Copy verbatim the block of lines in the entries below whose first line contains "Foto inspirasi ide" and whose last line contains "労働省 手洗い ポスター 厚生". Leave out all other lines.

• _DATA_
■ ■ ■ ■ ■

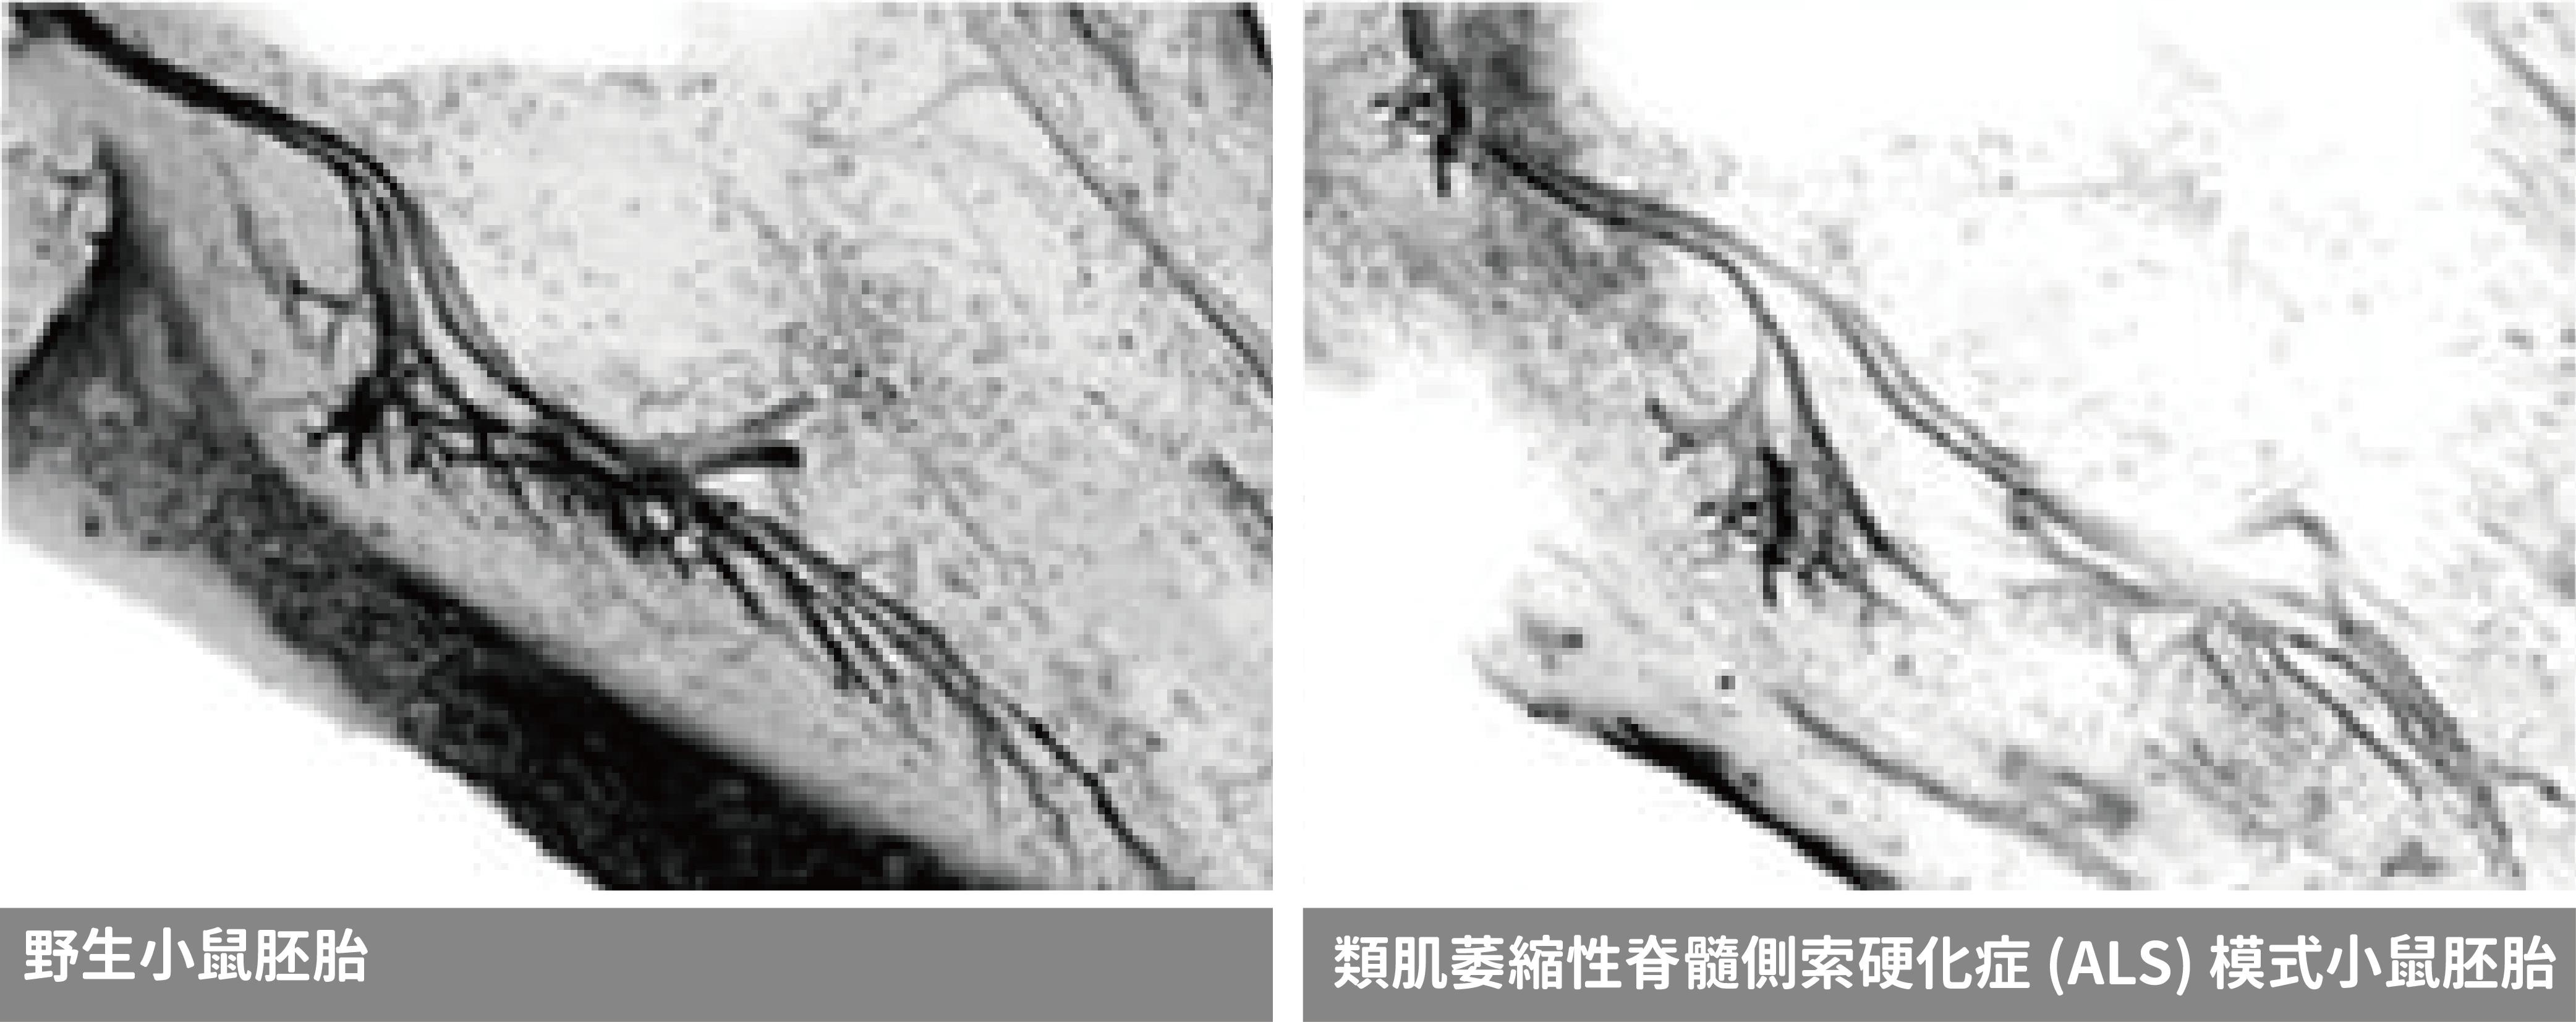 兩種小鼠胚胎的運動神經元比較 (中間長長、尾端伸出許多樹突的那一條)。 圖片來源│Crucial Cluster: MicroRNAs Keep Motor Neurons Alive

■ ■ ■ ■ ■

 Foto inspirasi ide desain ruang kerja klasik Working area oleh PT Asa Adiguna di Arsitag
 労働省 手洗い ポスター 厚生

■ ■ ■ ■ ■

• _TASK SOLUTION_
 Foto inspirasi ide desain ruang kerja klasik Working area oleh PT Asa Adiguna di Arsitag
 労働省 手洗い ポスター 厚生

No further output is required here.